INSTRUCTIONS TO FOLLOW
Would you transcribe the listing that follows word for word, skipping pictures?

DATA EXCERPT
+ + + +

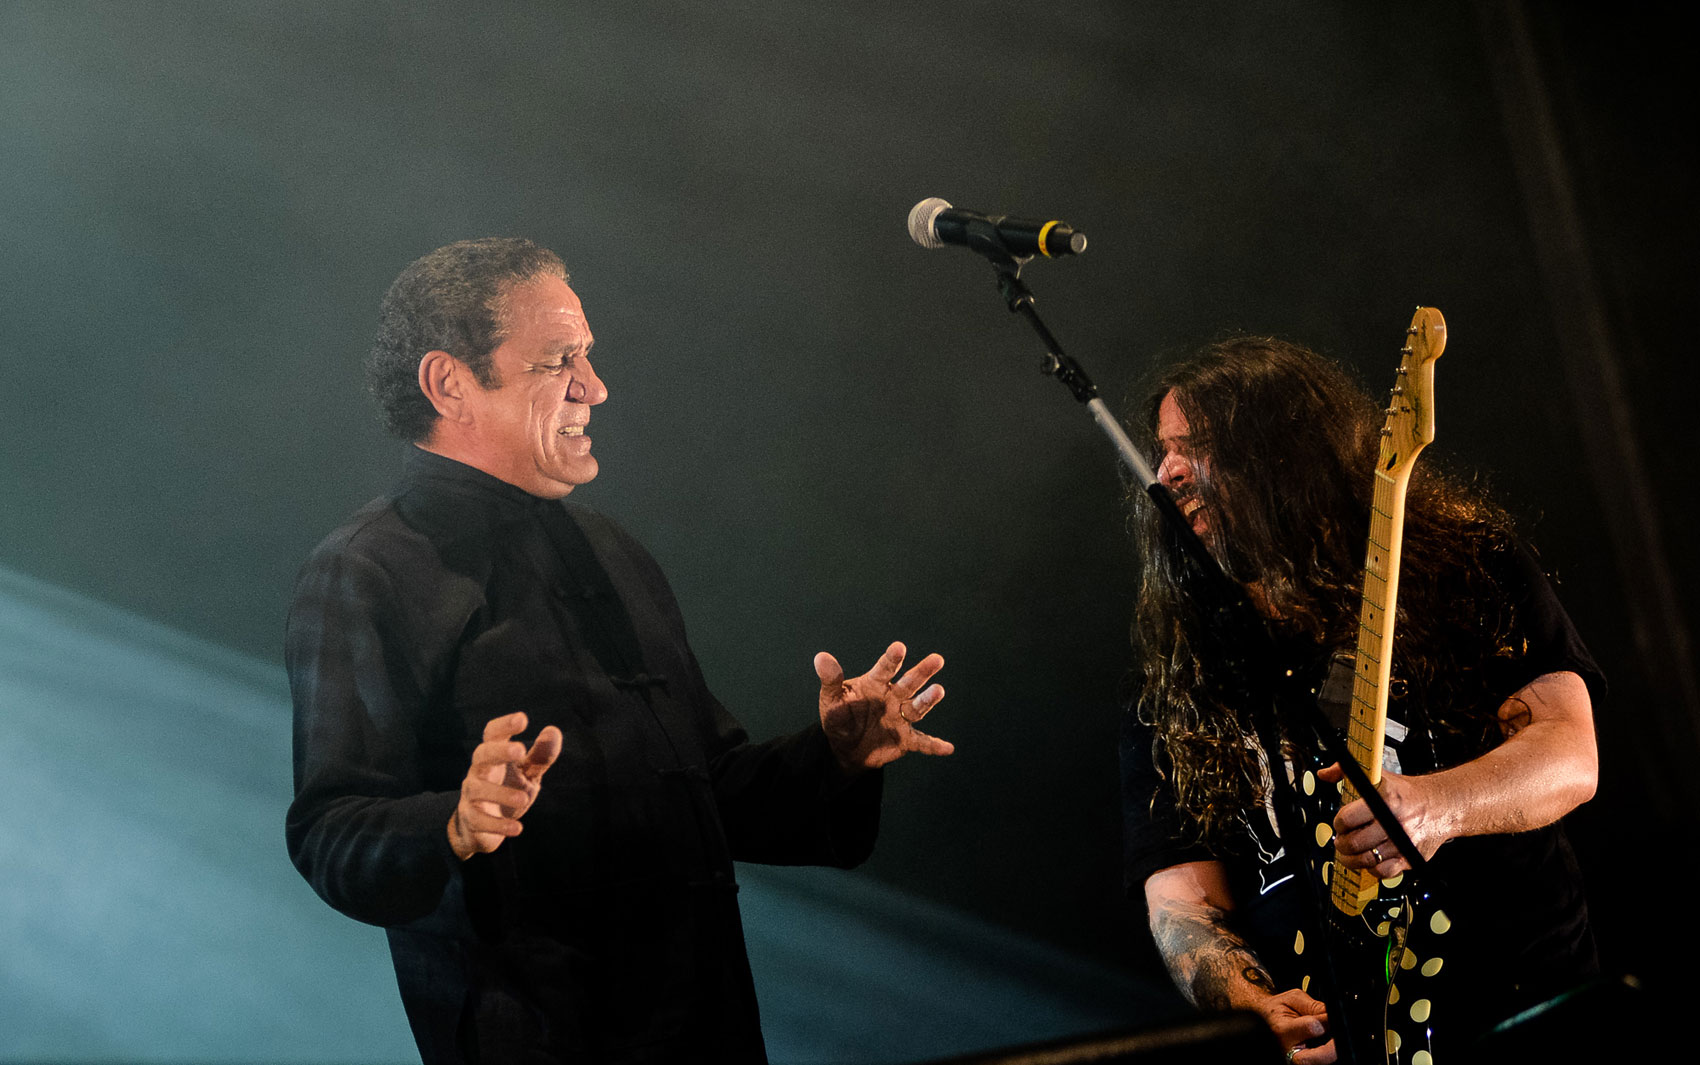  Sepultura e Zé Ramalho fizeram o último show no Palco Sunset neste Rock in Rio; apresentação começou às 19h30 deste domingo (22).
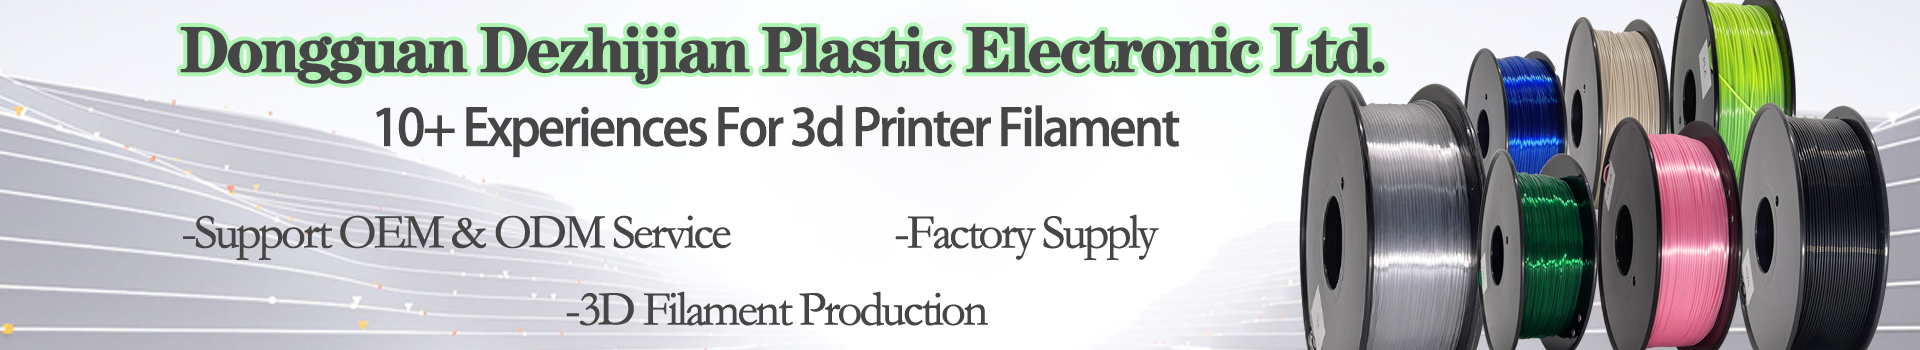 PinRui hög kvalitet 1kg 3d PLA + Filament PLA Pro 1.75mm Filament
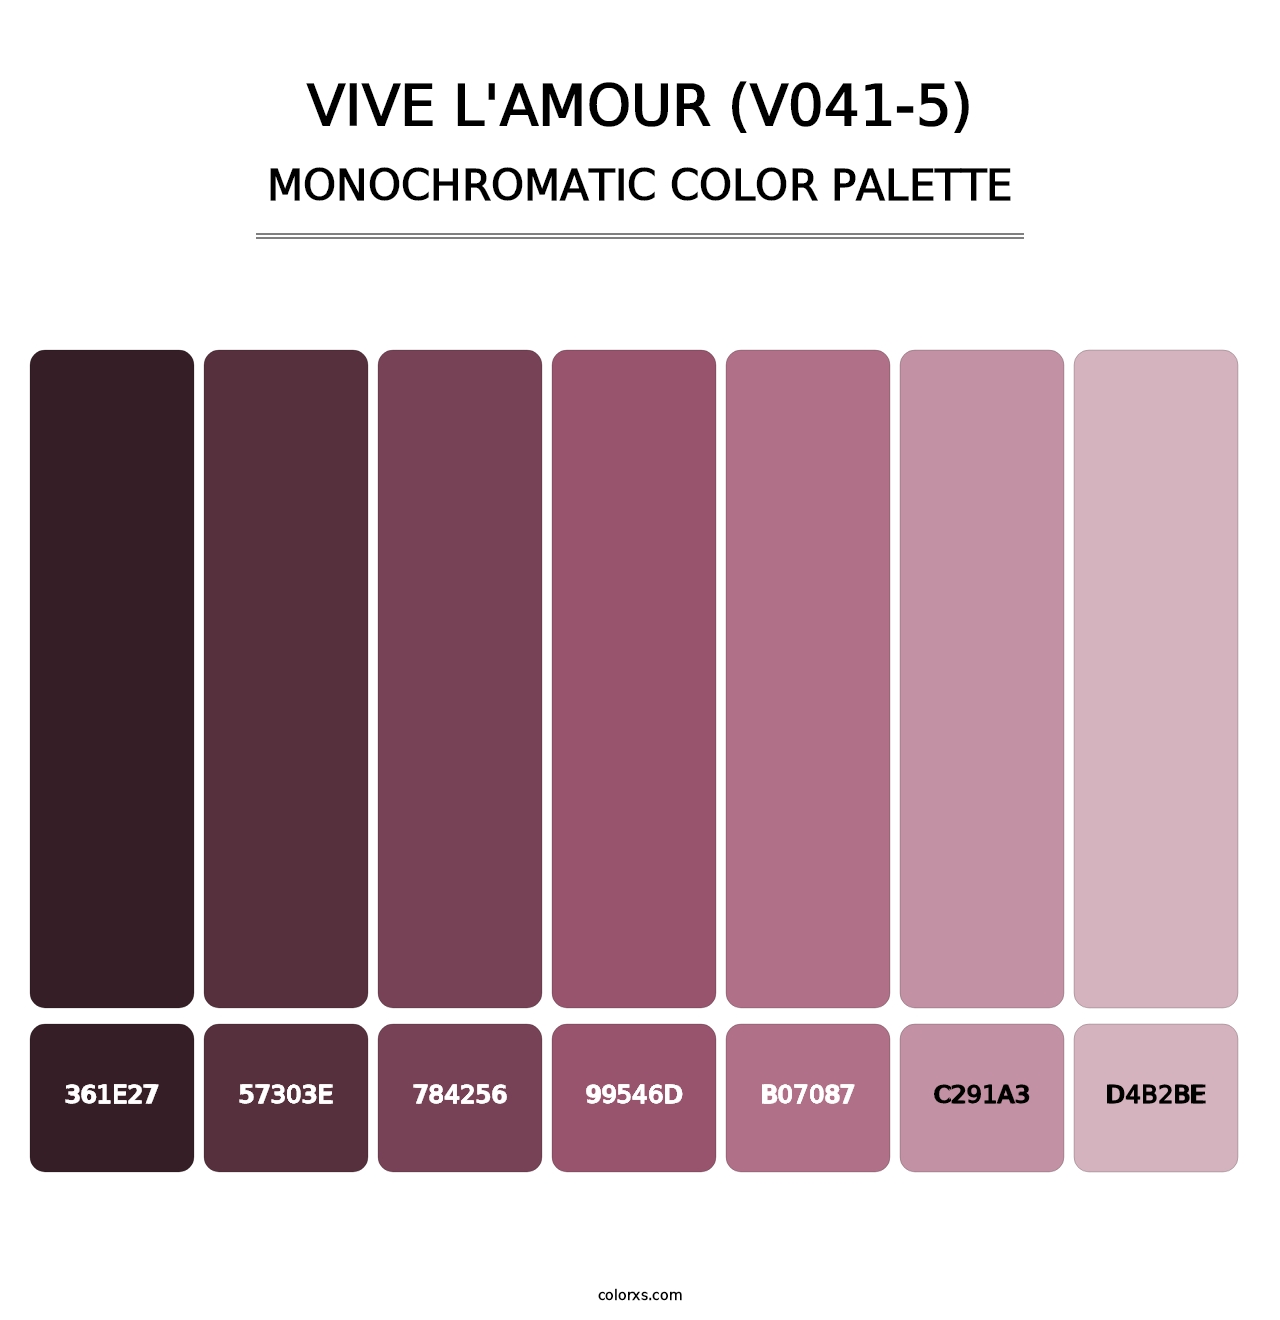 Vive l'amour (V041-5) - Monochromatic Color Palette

+ + + +

YOUR SOLUTION
  Sepultura e Zé Ramalho fizeram o último show no Palco Sunset neste Rock in Rio; apresentação começou às 19h30 deste domingo (22).
 PinRui hög kvalitet 1kg 3d PLA + Filament PLA Pro 1.75mm Filament
 Vive l'amour (V041-5) - Monochromatic Color Palette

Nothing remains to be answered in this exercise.